Woche 2 – mehr Gesichter, mehr Leichtigkeit
In der zweiten Woche kam Finja aus dem Urlaub zurück. Herzlich, sehr gesprächig – und mit einem großen Mitteilungsbedürfnis. Ich hörte viel, sagte wenig, und merkte schnell: Hier geht es nicht darum, eigene Geschichten zu platzieren, sondern präsent zu bleiben und zuzuhören. Die 19-jährige Praktikantin Maren war dagegen erfrischend offen, half unkompliziert mit und brachte Leichtigkeit ins Team.
Selbst Rosie taute in dieser Woche auf. Ein paar kleine Bemerkungen, ein Dank hier, ein Lächeln dort – und die Atmosphäre wurde spürbar wärmer.
Ich selbst spürte, wie mein innerer Druck nachließ. Ich musste nichts beweisen, nur präsent sein und das tun, was ich am besten kann: beobachten, begleiten, Impulse setzen.
Kleine Impulse, große Wirkung
Eines Morgens stellte ich einfach die Verkleidungskiste in die Mitte des Raumes. Ich sagte nichts. Kaum war der Deckel offen, kamen die Kinder. Ein Feuerwehrhelm, ein Tuch, ein Hut – und schon war die Gruppe in Bewegung.
Ein anderes Mal puzzelte ich mit Paul, einem der Eingewöhnungskinder. Beim Hasen sang ich leise „Häschen hüpf“, beim Schwein grunzte ich. Paul sah mich an – und lächelte. So ein echtes, strahlendes Lächeln, das nur Kinder hinbekommen. Es war einer dieser Momente, in denen ich dachte: Genau deswegen liebe ich diesen Beruf.
Auch die „Reismuschel“ war so ein kleines Highlight. Eigentlich wollte ich nur mal schauen, was in diesem Becken steckt – und plötzlich saßen die Kinder begeistert mit Löffeln, Bechern und Flaschen drumherum. Es wurde geschüttet, gefüllt, gekippt – und natürlich auch ein bisschen gefegt. Aber die Freude in den Gesichtern hat das locker wettgemacht.

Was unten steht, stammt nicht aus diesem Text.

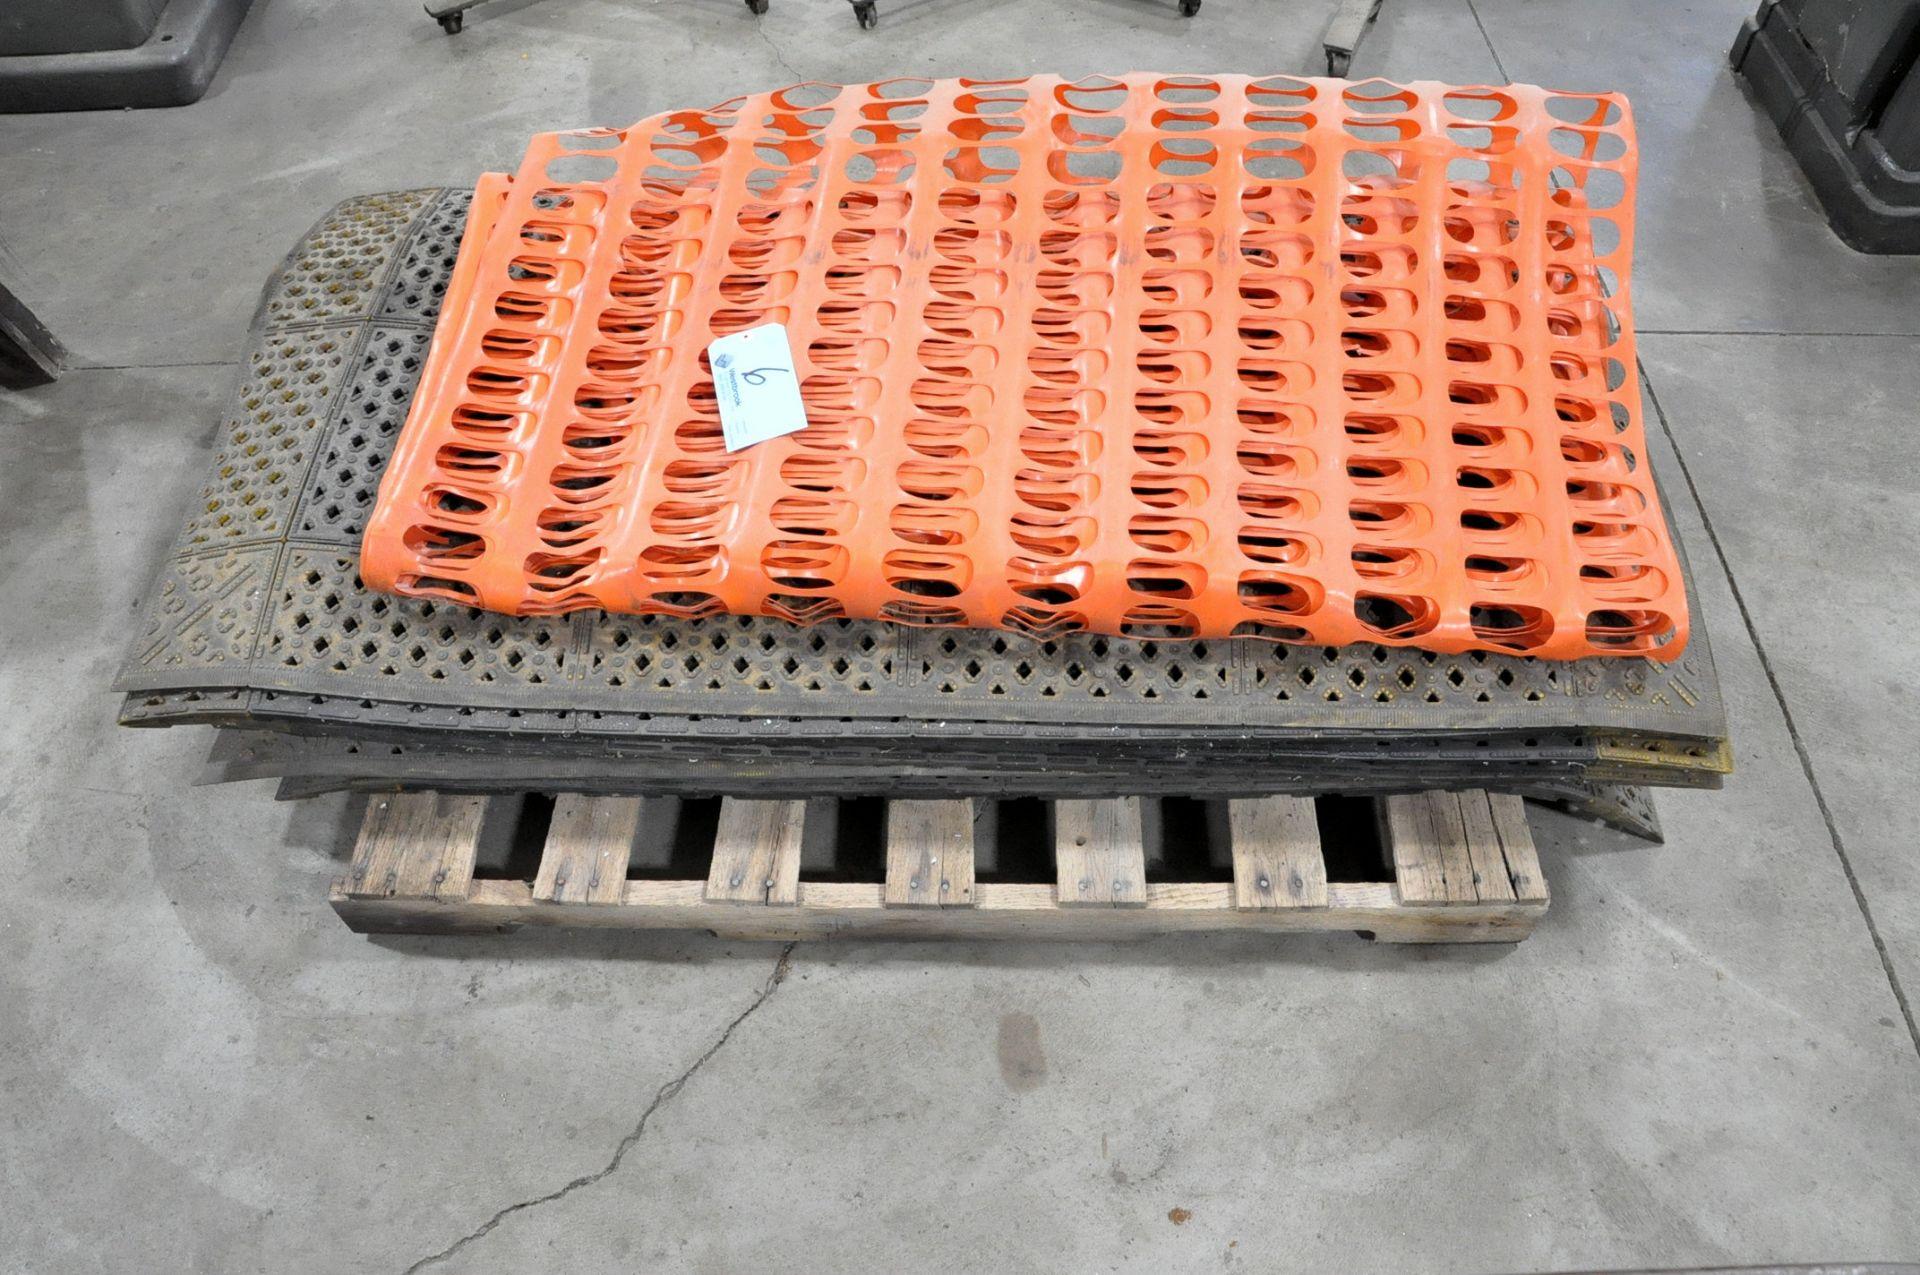 Lot-Rubber Floor Mats wth (2) Wood Saw Horses

Zwischen Alltag und Erkenntnis
Nicht jeder Tag war spannend. Manchmal waren wir viele Erwachsene bei wenigen Kindern – das machte den Vormittag zäh. Aber auch in solchen Momenten habe ich versucht, präsent zu bleiben.
Es gab ruhige Vormittage im Garten, Gespräche bei einer Tasse Kaffee, lange Schlafphasen der Kinder, in denen ich in den Portfolios geblättert habe. Und es gab Tage, an denen ich müde war, mit Halsschmerzen kämpfte, und einfach nur froh war, wenn Feierabend war. Aber auch diese Tage gehören dazu.
Ein runder Abschluss
Am letzten Tag durfte ich sogar den Schlafdienst mit übernehmen – eine neue Erfahrung, die den Abschluss noch einmal besonders machte. Rosie war krank, Birte musste früh gehen, und so verbrachte ich den Nachmittag mit Finja, der Praktikantin Maren und vier entspannten Kindern.

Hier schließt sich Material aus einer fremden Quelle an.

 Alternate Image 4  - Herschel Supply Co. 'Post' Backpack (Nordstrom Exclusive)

Zum Abschied hatte ich einen selbstgebackenen Apfelkuchen dabei. Die Kolleginnen haben sich gefreut, die Kinder durften ein kleines Stück knabbern – und die Stimmung war angenehm leicht.
Bevor ich ging, gab es ein paar warme Worte: Birte meinte, sie könnte sich gut vorstellen, noch einmal mit mir zusammenzuarbeiten. Auch die Leitung bedankte sich herzlich für meine Unterstützung und meinte, vielleicht würde man sich wiedersehen. Mit einem leichten Herzen und einem Lächeln auf den Lippen habe ich mich verabschiedet.
Mein Fazit nach zwei Wochen
Die Zeit in der „Sonnenkäfergruppe“ hat mich wieder daran erinnert, wie wertvoll es ist, kleine Schritte zu sehen und zu würdigen.
- Es braucht keine großen Projekte, um etwas zu bewirken.
- Ein freundliches Wort, ein offenes Ohr, ein kleines Angebot am Tisch – oft reicht genau das, um Bindung aufzubauen.
- Teams sind so verschieden wie die Kinder – und oft hilft es, einfach erstmal zuzuhören und mitzugehen.
Als ich am Parkplatz stand, den leeren Kuchenbehälter in der Hand, dachte ich: Es waren nur zwei Wochen, aber sie waren bunt, lehrreich, lustig – und sie werden mir in Erinnerung bleiben.